Here’s something you already know: America has a crisis on its southern border.

We can attribute much of it to the giant “help wanted” sign facing Mexico. Decades of hiring undocumented immigrants — even in some cases, recruiting them — to do jobs that Americans wouldn’t do has blown up in our faces. Suddenly, we have too many applicants at our job fair.

Or we can chalk it up to the inscription on the pedestal of the Statue of Liberty. Who knew that the invite of the so-called “Mother of Exiles” would be taken literally by the “huddled masses” and “wretched refuse” desperate for new lives and second chances.

Meanwhile, there are politicians in both parties who aren’t about to let a debacle go to waste. They’re eager to convert it into a sword and use it to skewer the opposition. They’re not interested in finding solutions, only in assigning blame. Luckily for both sides, there is blame to go around.

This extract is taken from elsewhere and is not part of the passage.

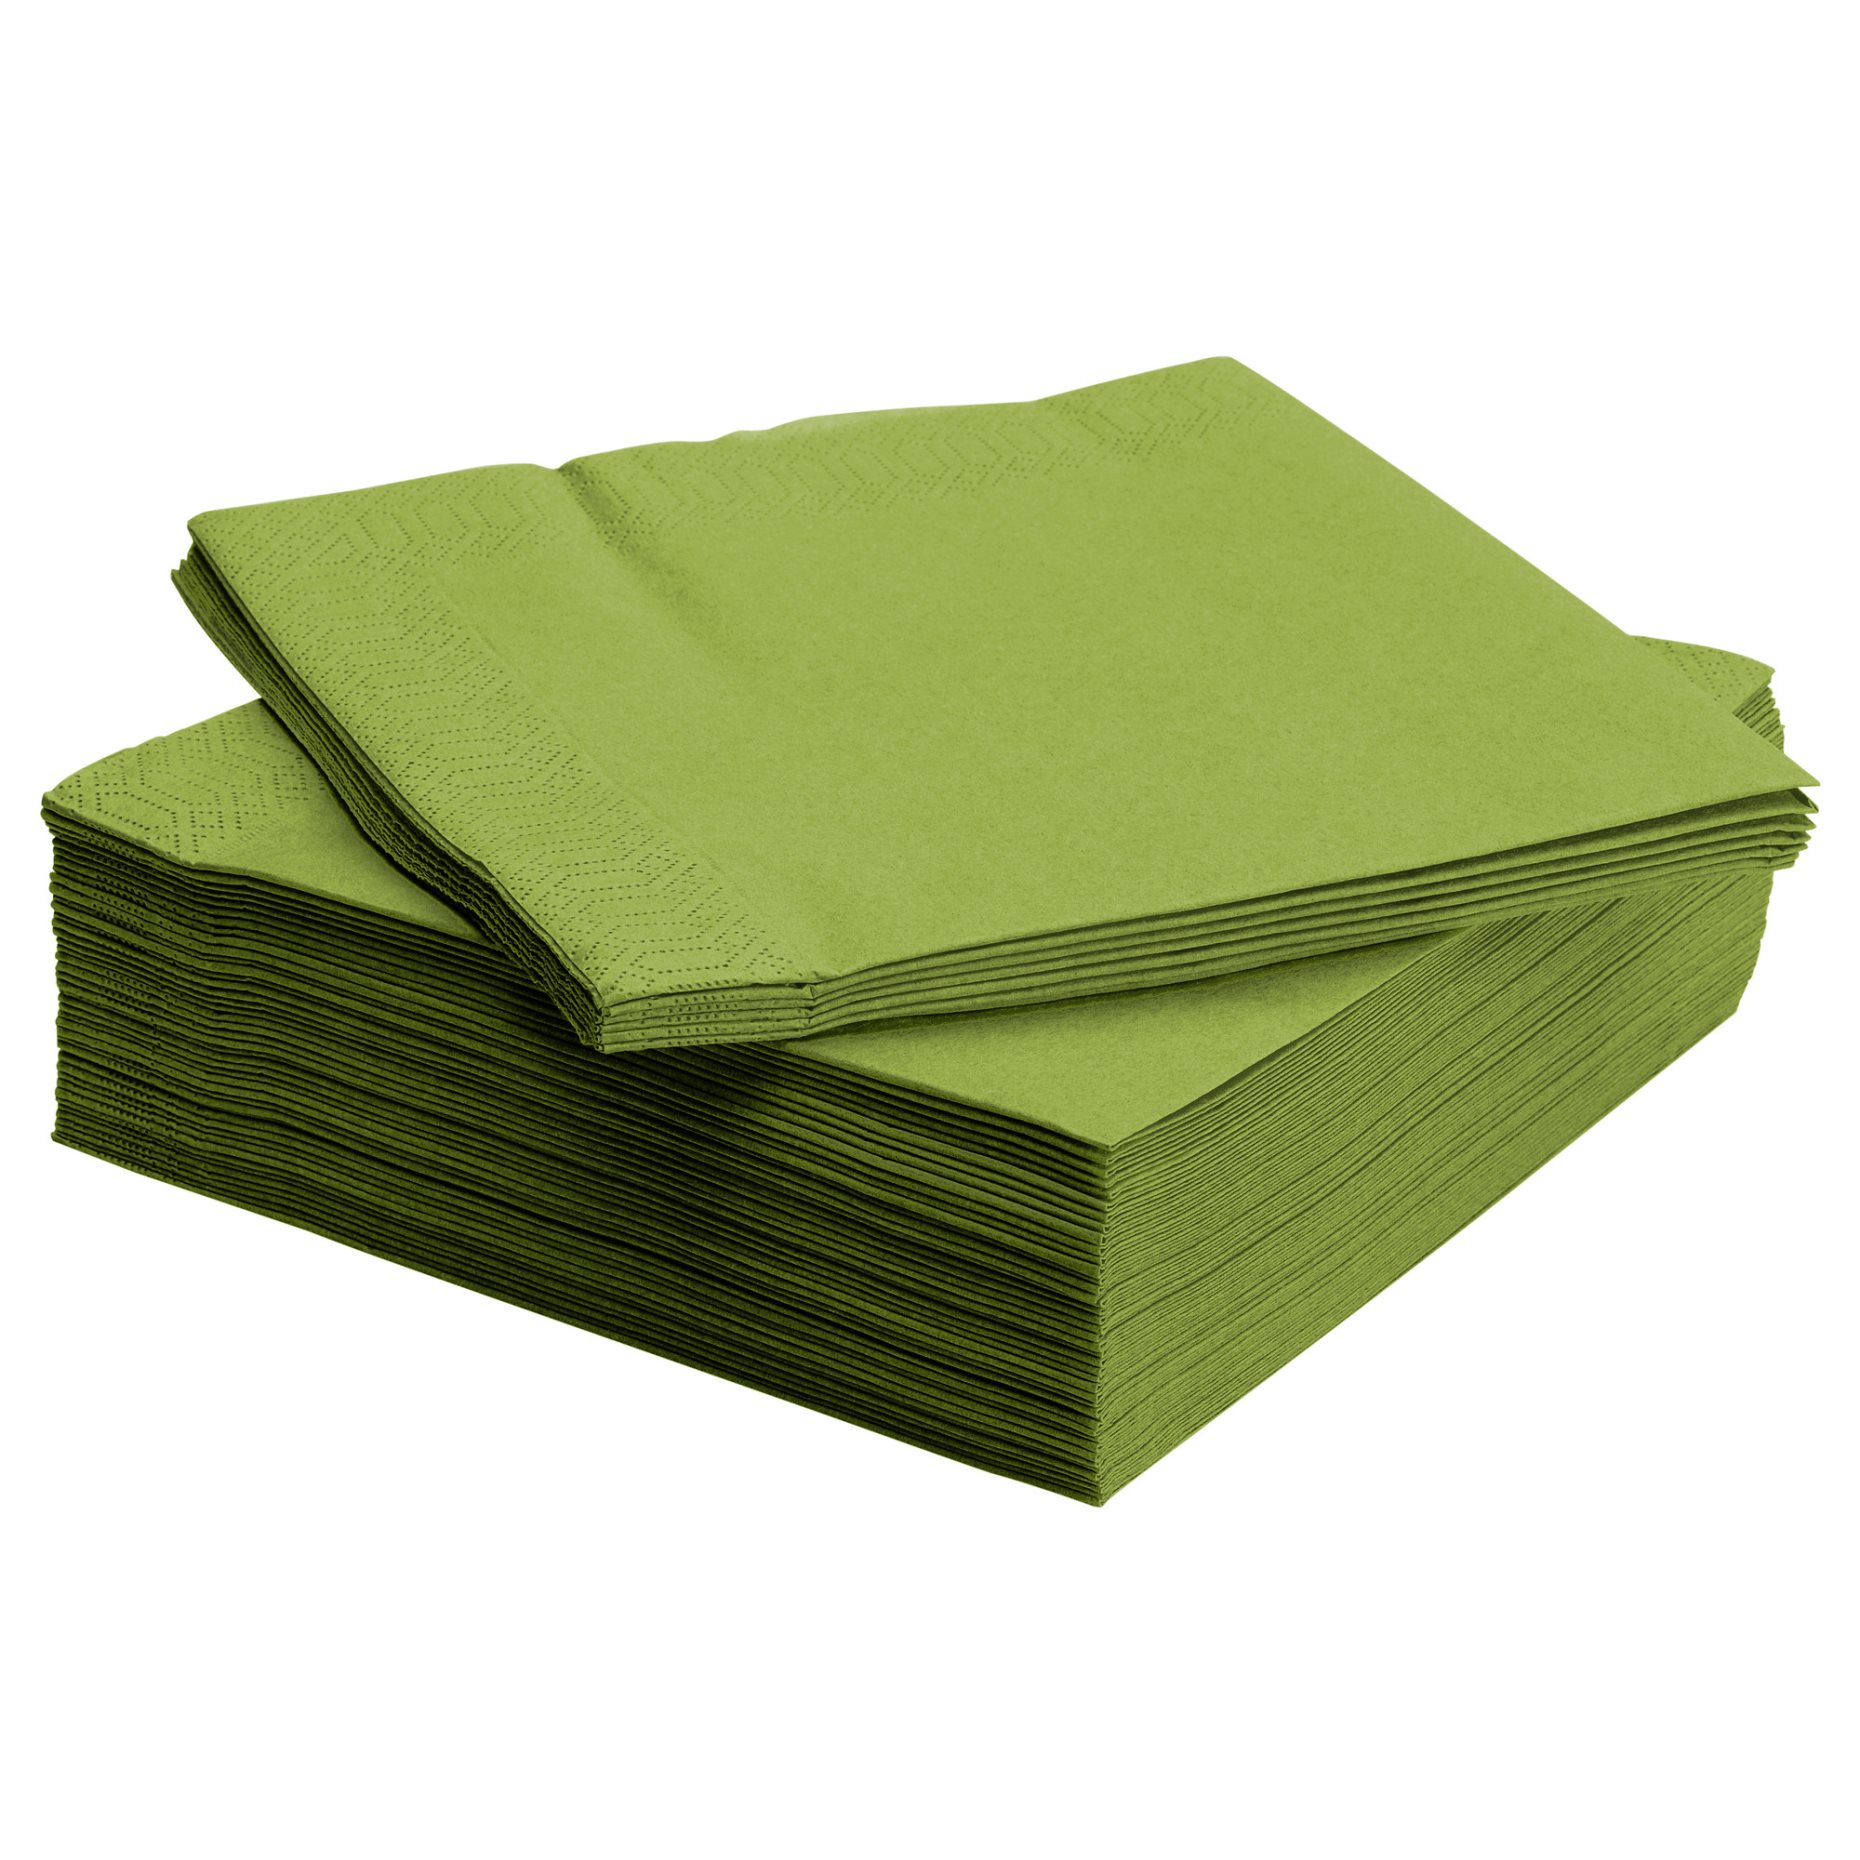 FANTASTISK, paper napkin, 50 pack, 370g, 001.498.31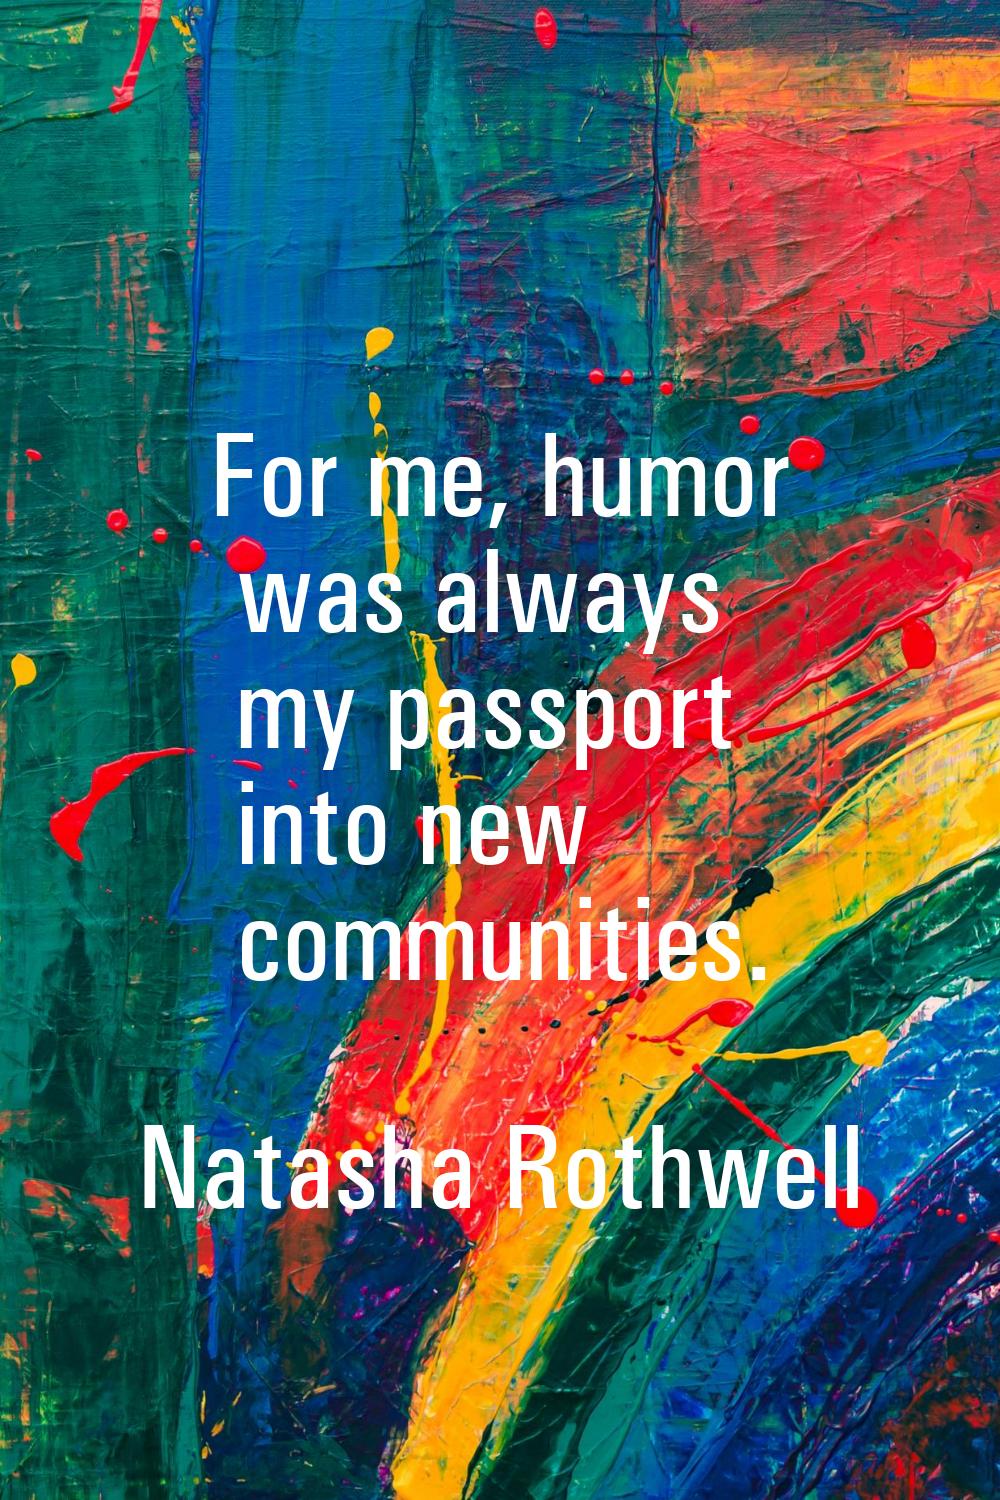 For me, humor was always my passport into new communities.

The screaming headline of the week was the news that, during the 2021 fiscal year that ended in September, U.S. authorities detained more than 1.7 million migrants along the U.S.-Mexico border, and arrests by the Border Patrol soared to the highest levels ever recorded. The surge in illegal crossings began under former President Donald Trump, but the figures really skyrocketed once President Joe Biden took office. The peak months were July and August, when more than 200,000 migrants were taken into custody.

All this is according to unpublished U.S. Customs and Border Protection data that was recently obtained by The Washington Post.

Those progressives on the leftmost end of the Democratic Party who are already angry and frustrated that Biden has co-opted so many Trump policies on immigration had better brace themselves. In the next six months, they are likely to get even angrier and more frustrated.

With the 2022 midterm elections rapidly approaching, and Democrats panicked about maintaining their minuscule three-seat majority in the House of Representatives and their nonexistent majority in the Senate, Biden is getting ready to go “full Trump” on the border.

After being reprimanded by a federal judge, the Biden administration says that it will restore as early as next month the “remain in Mexico” policy. It was back in February that Biden suspended that policy, which forced Central Americans seeking asylum to stay in Mexico until their immigration hearings. The Department of Homeland Security formally ended the policy in late May.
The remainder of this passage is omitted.